## Task goal
Leave every picture out, and print the full listing again exactly.

━━━━━ Collected data

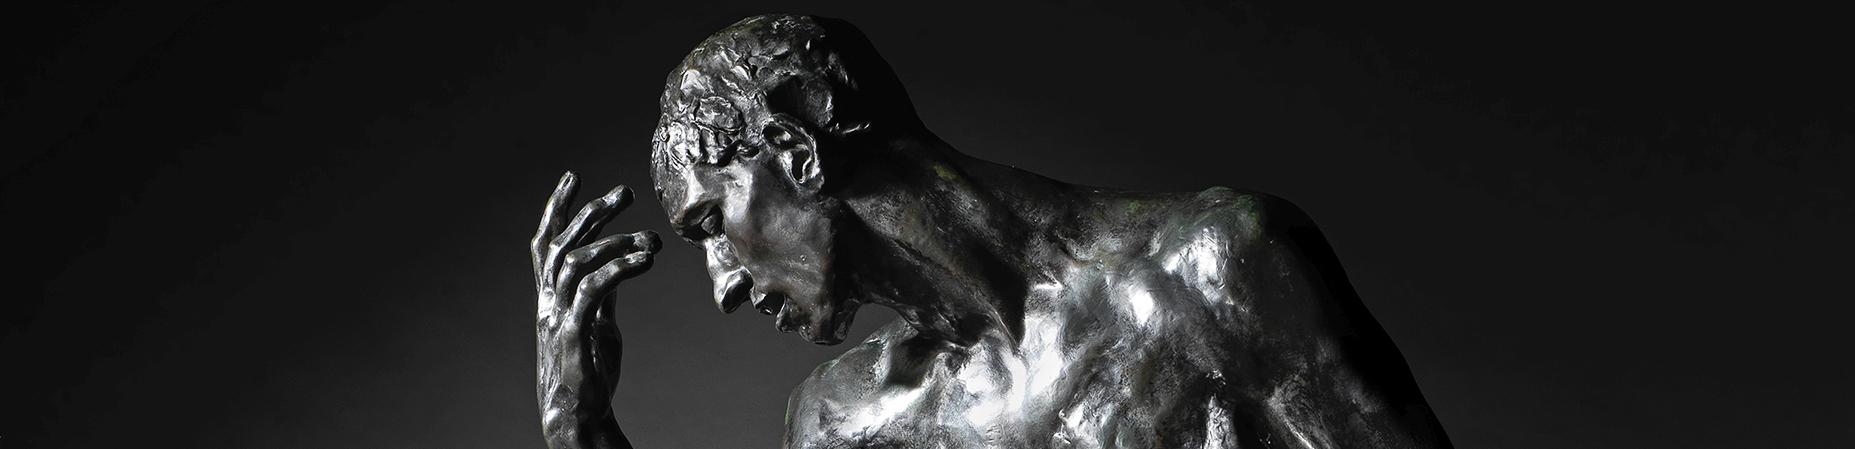 Auguste Rodin. L'un des Bourgeois de Calais: Étude de nu monumentale pour Pierre de Wissant, detalle. Estimación: £400,000-600,000
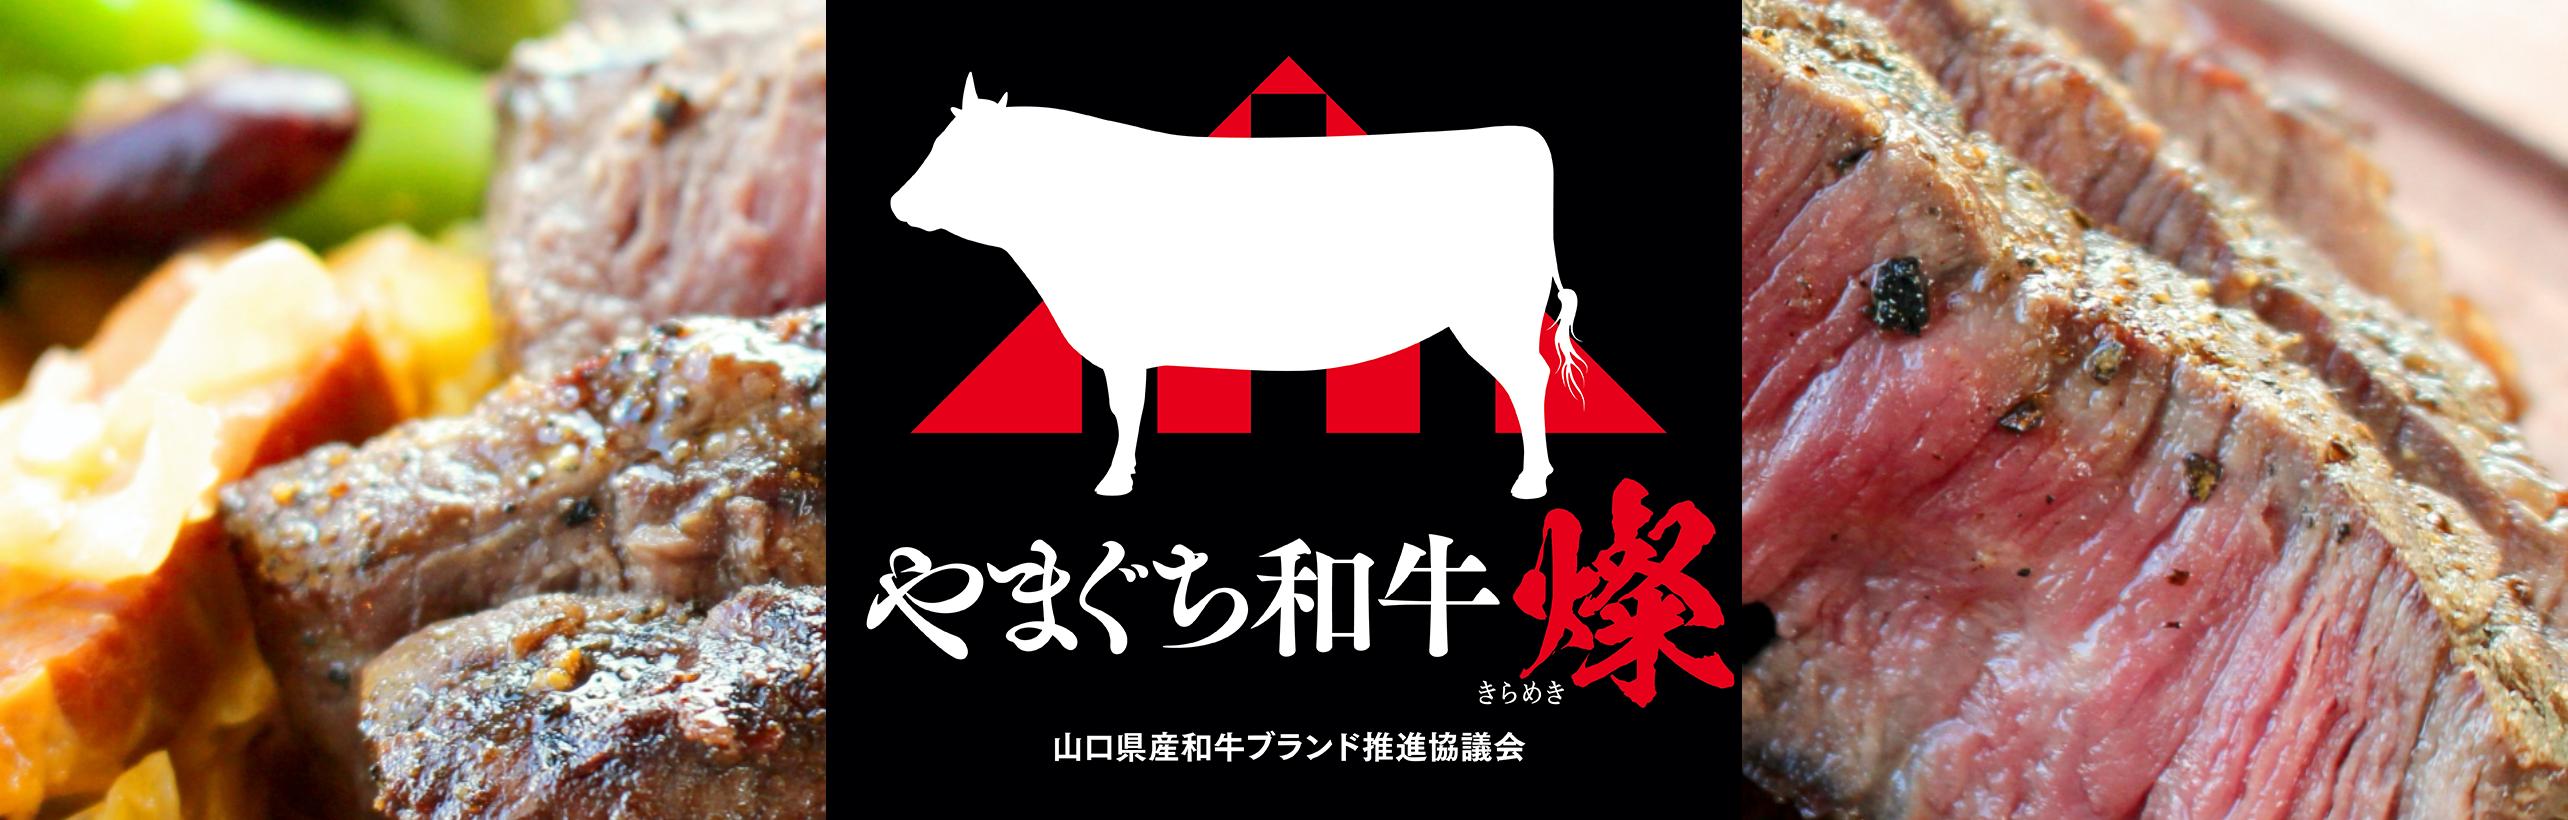 やまぐち和牛燦(きらめき)| 山口県産和牛ブランド推進協議会
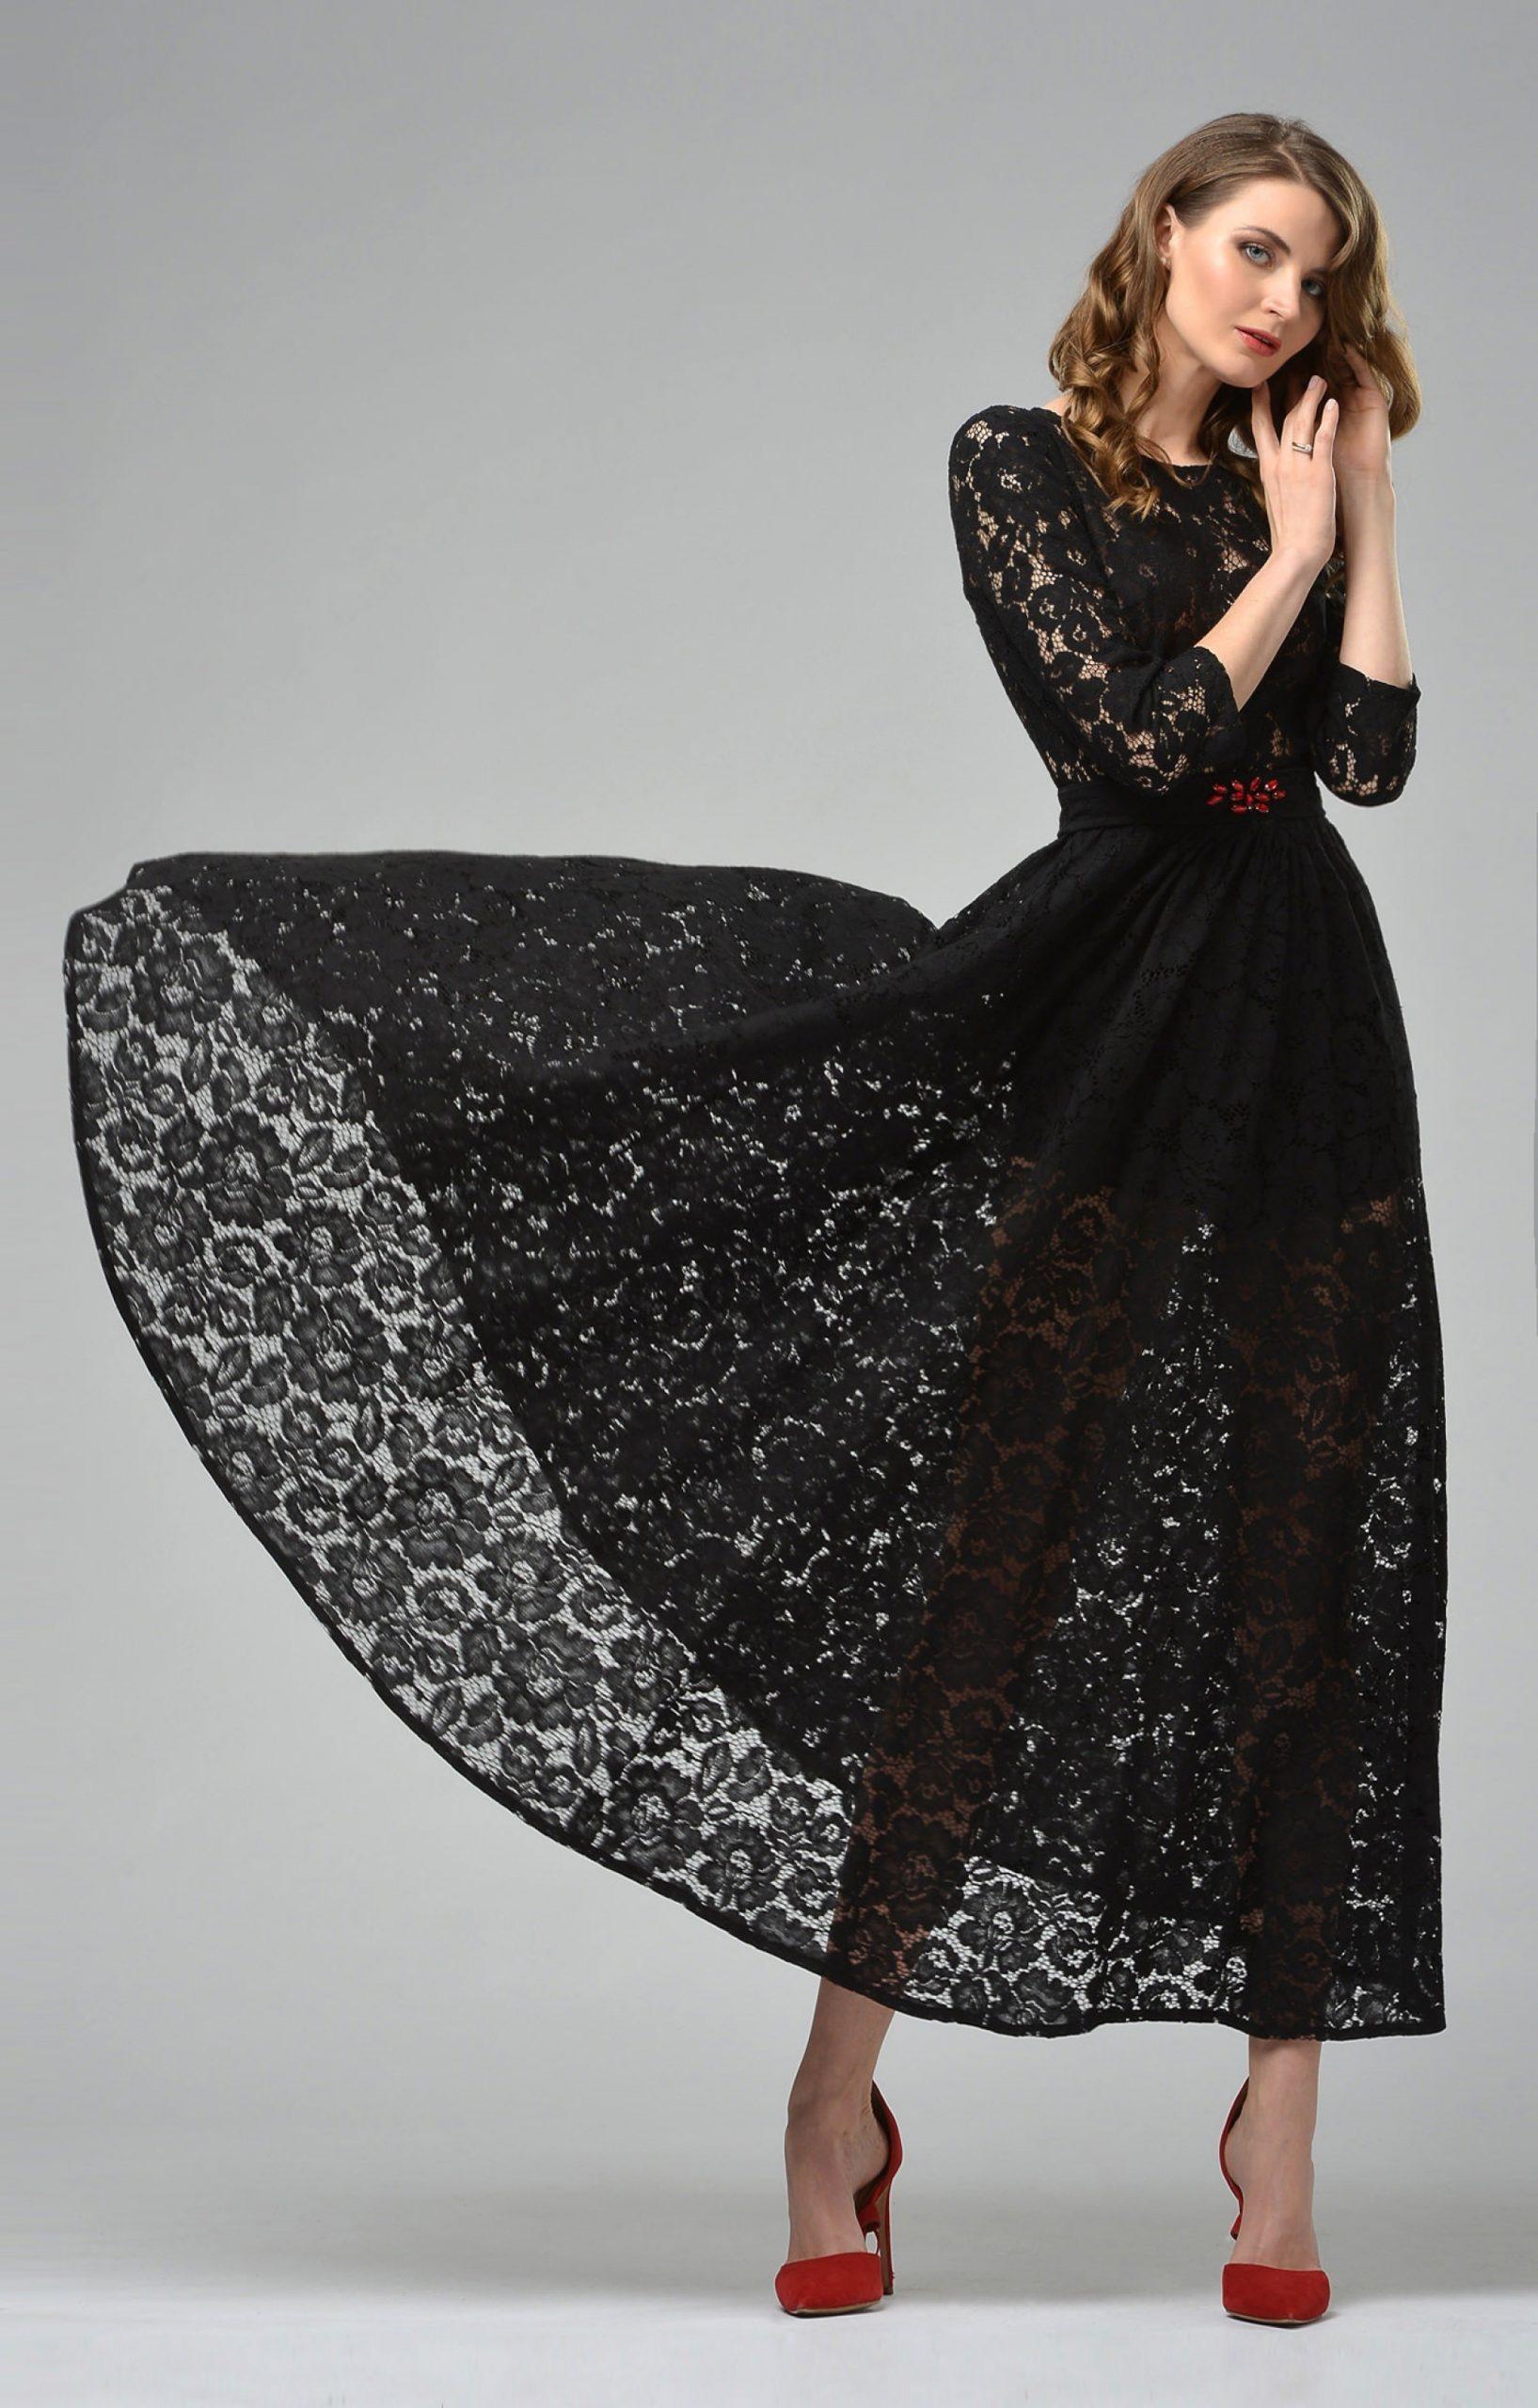 17 Cool Abendkleid Zara VertriebAbend Großartig Abendkleid Zara Ärmel

━━━━━━━━━━

## Result
 Auguste Rodin. L'un des Bourgeois de Calais: Étude de nu monumentale pour Pierre de Wissant, detalle. Estimación: £400,000-600,000
 やまぐち和牛燦(きらめき)| 山口県産和牛ブランド推進協議会
 17 Cool Abendkleid Zara VertriebAbend Großartig Abendkleid Zara Ärmel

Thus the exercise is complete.